----- Extracted data -----

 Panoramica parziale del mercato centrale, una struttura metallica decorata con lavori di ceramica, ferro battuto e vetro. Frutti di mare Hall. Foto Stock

-----
----- Extracted data -----

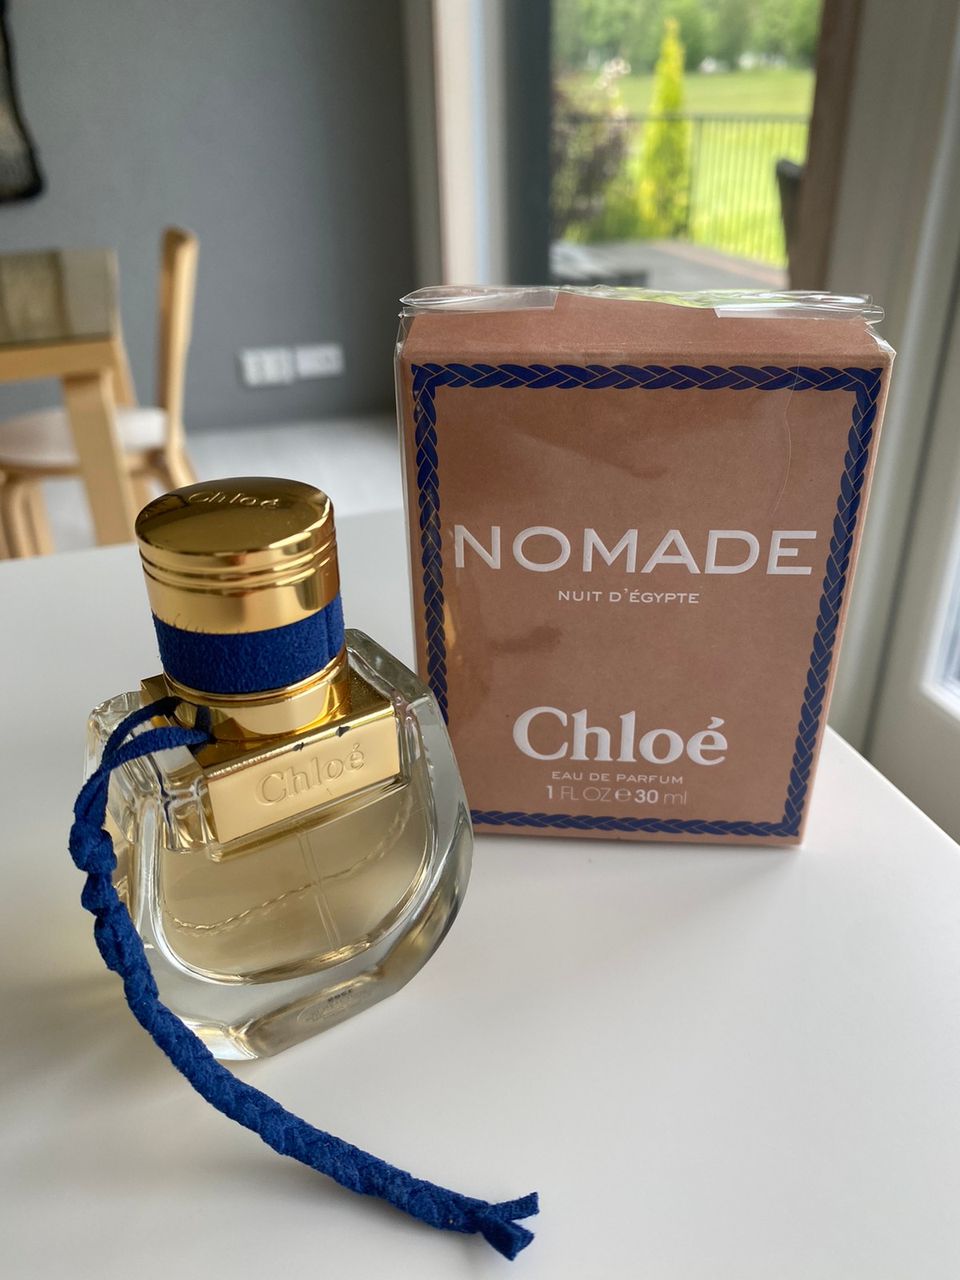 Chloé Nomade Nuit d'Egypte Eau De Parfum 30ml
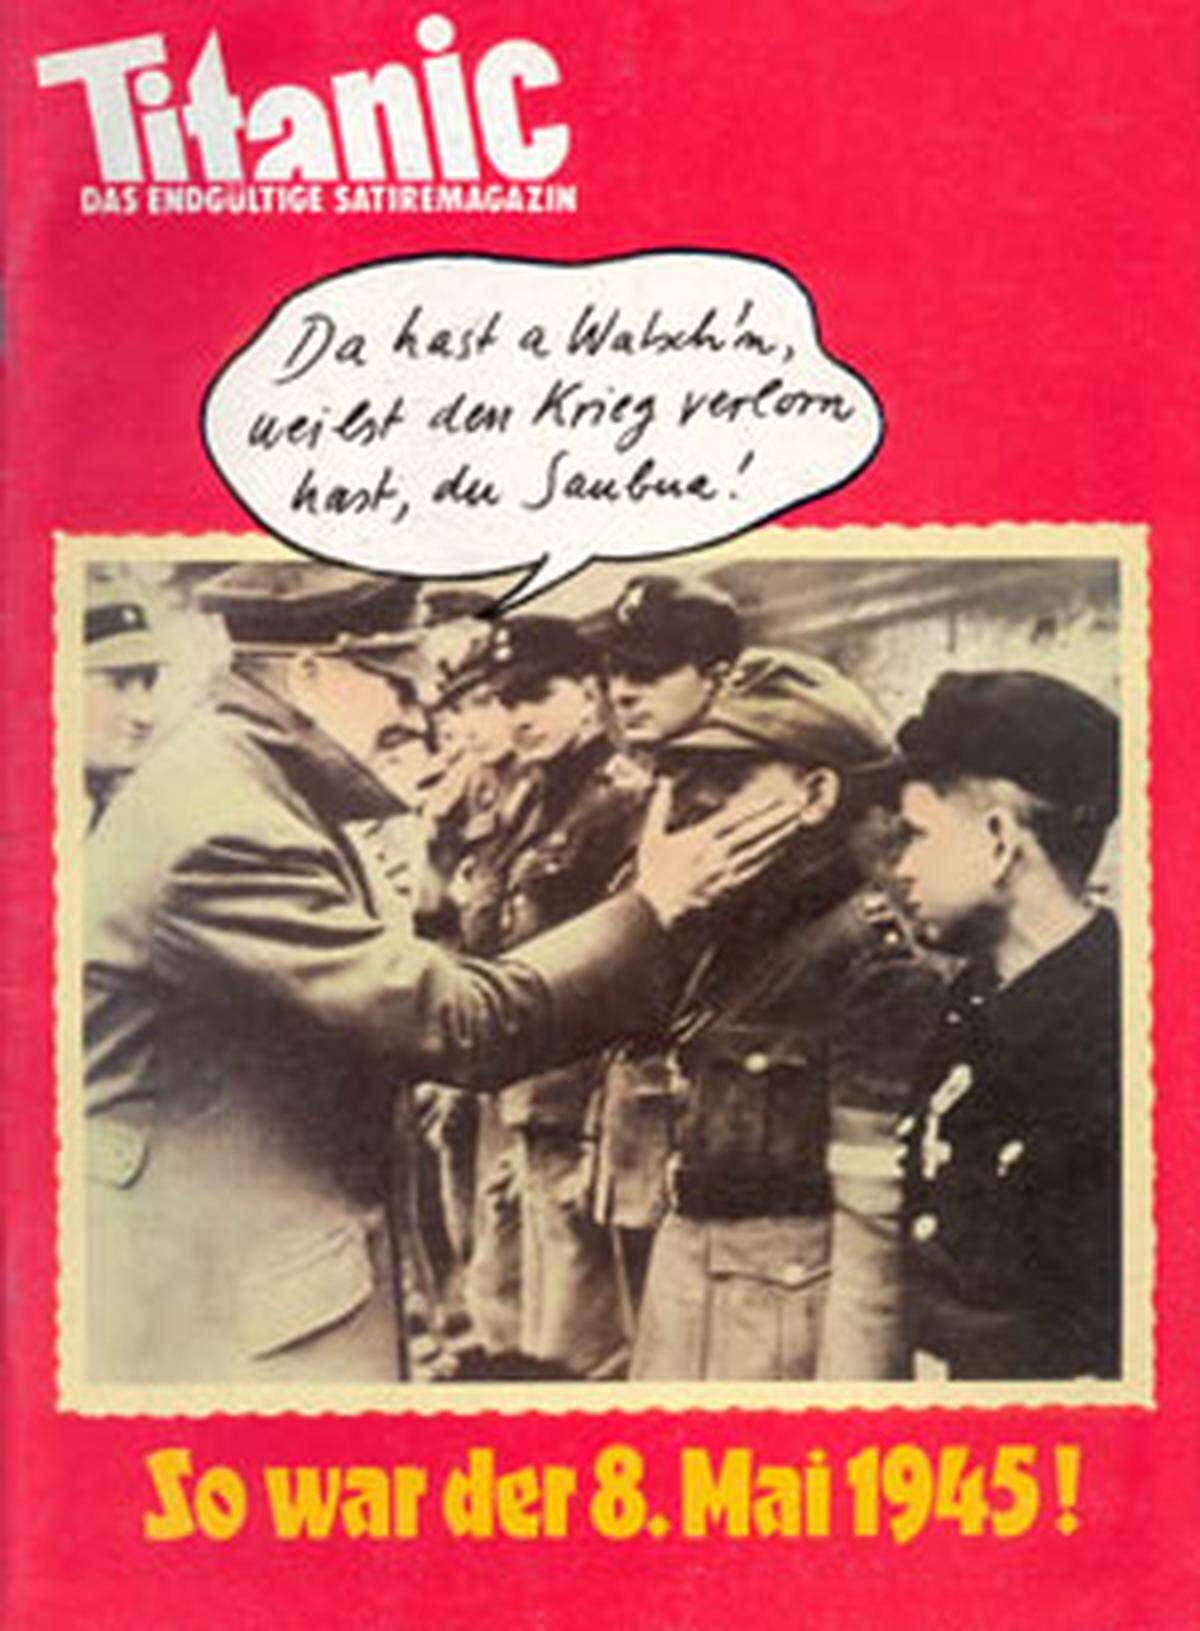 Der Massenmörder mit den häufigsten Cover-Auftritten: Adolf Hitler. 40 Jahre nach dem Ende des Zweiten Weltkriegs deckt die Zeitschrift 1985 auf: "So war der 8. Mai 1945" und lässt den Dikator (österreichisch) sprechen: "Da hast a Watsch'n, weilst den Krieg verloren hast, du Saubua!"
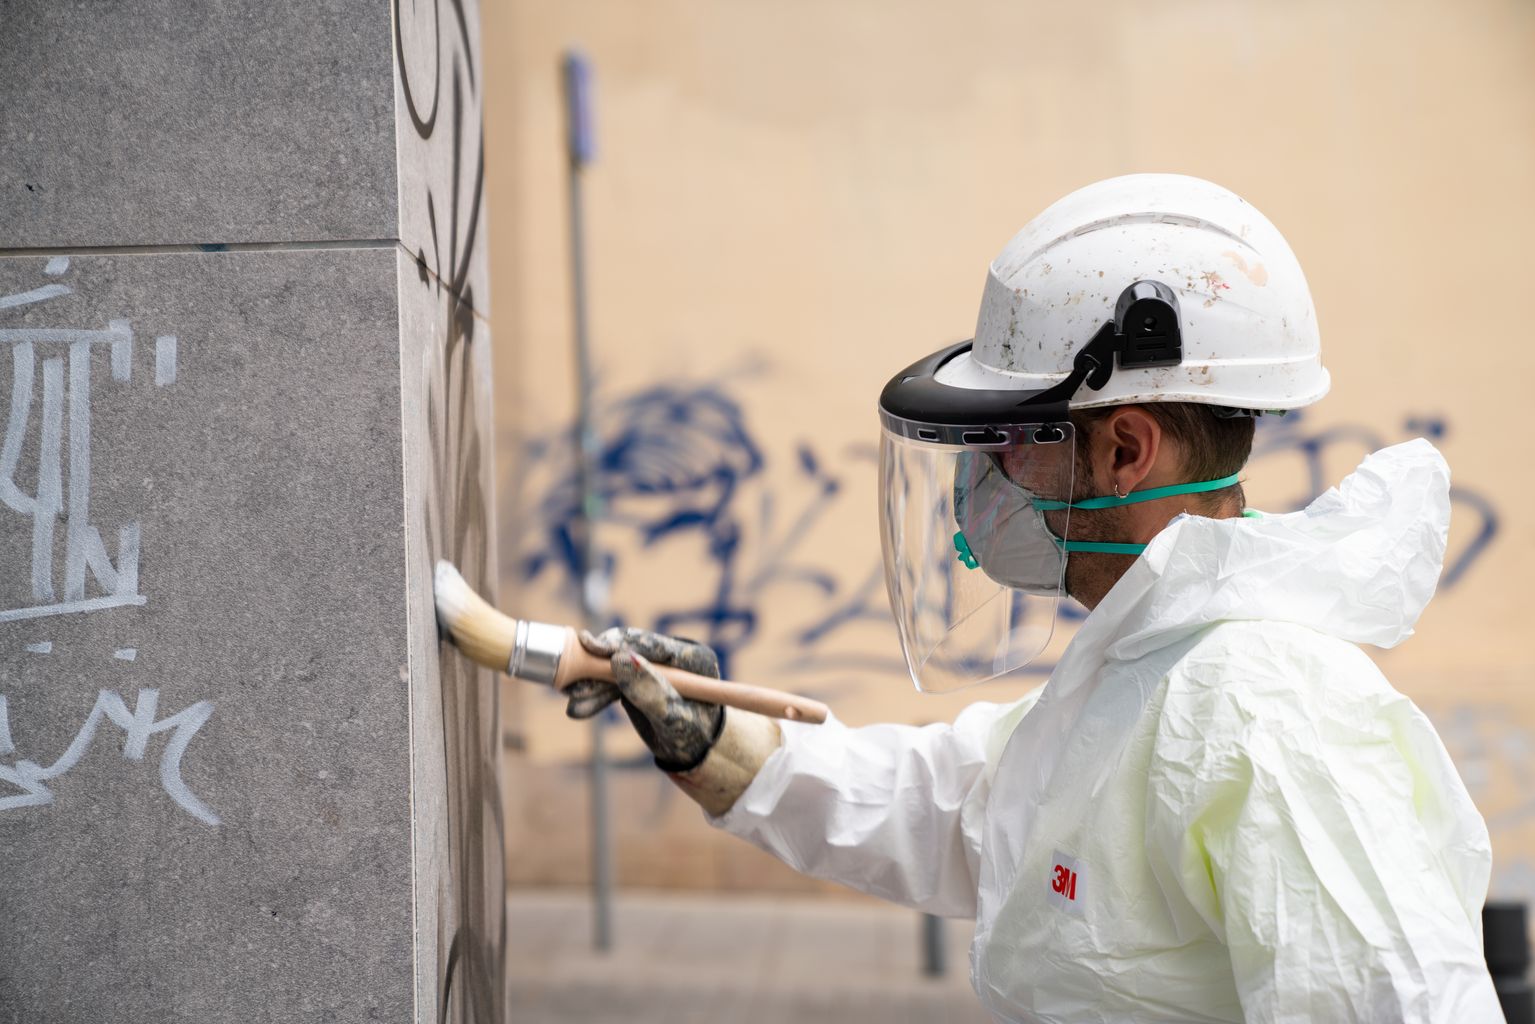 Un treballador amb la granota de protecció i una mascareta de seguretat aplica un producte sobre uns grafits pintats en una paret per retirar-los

-----
----- Extracted data -----

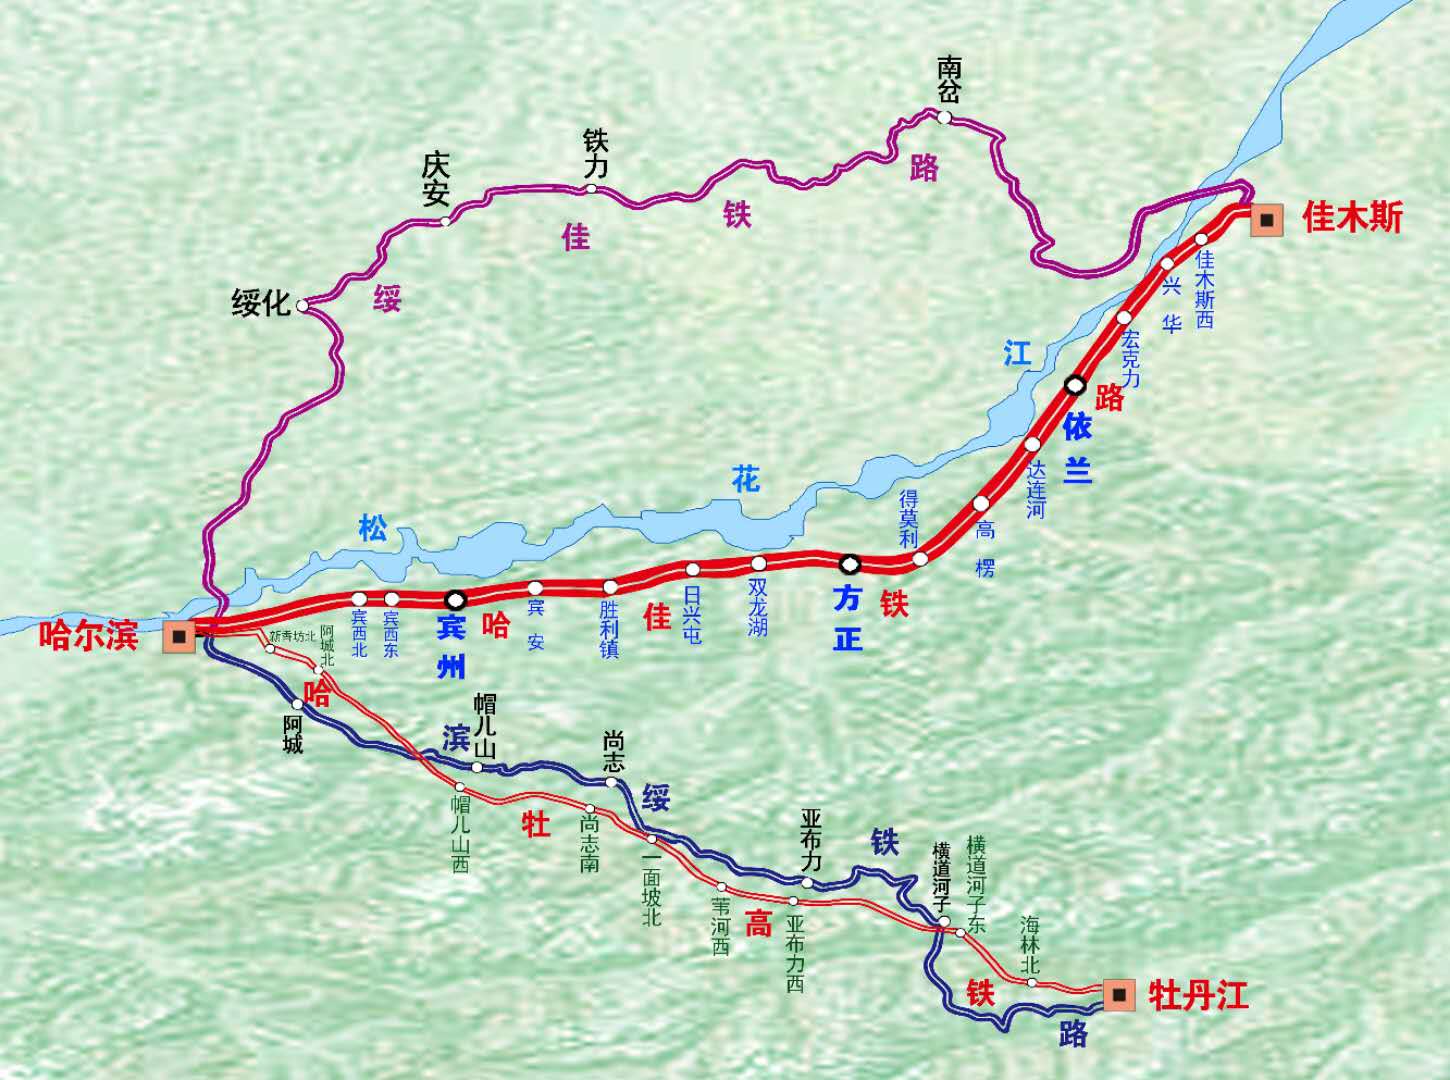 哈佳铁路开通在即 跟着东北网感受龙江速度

-----

**What to produce:** The lines to set down run from the line with "Chloé Nomade Nuit" up to and including the line with "Un treballador amb" in the entries above. Reproduce them exactly, with no pictures.

**Task result:**
 Chloé Nomade Nuit d'Egypte Eau De Parfum 30ml
 Der Massenmörder mit den häufigsten Cover-Auftritten: Adolf Hitler. 40 Jahre nach dem Ende des Zweiten Weltkriegs deckt die Zeitschrift 1985 auf: "So war der 8. Mai 1945" und lässt den Dikator (österreichisch) sprechen: "Da hast a Watsch'n, weilst den Krieg verloren hast, du Saubua!"
 Un treballador amb la granota de protecció i una mascareta de seguretat aplica un producte sobre uns grafits pintats en una paret per retirar-los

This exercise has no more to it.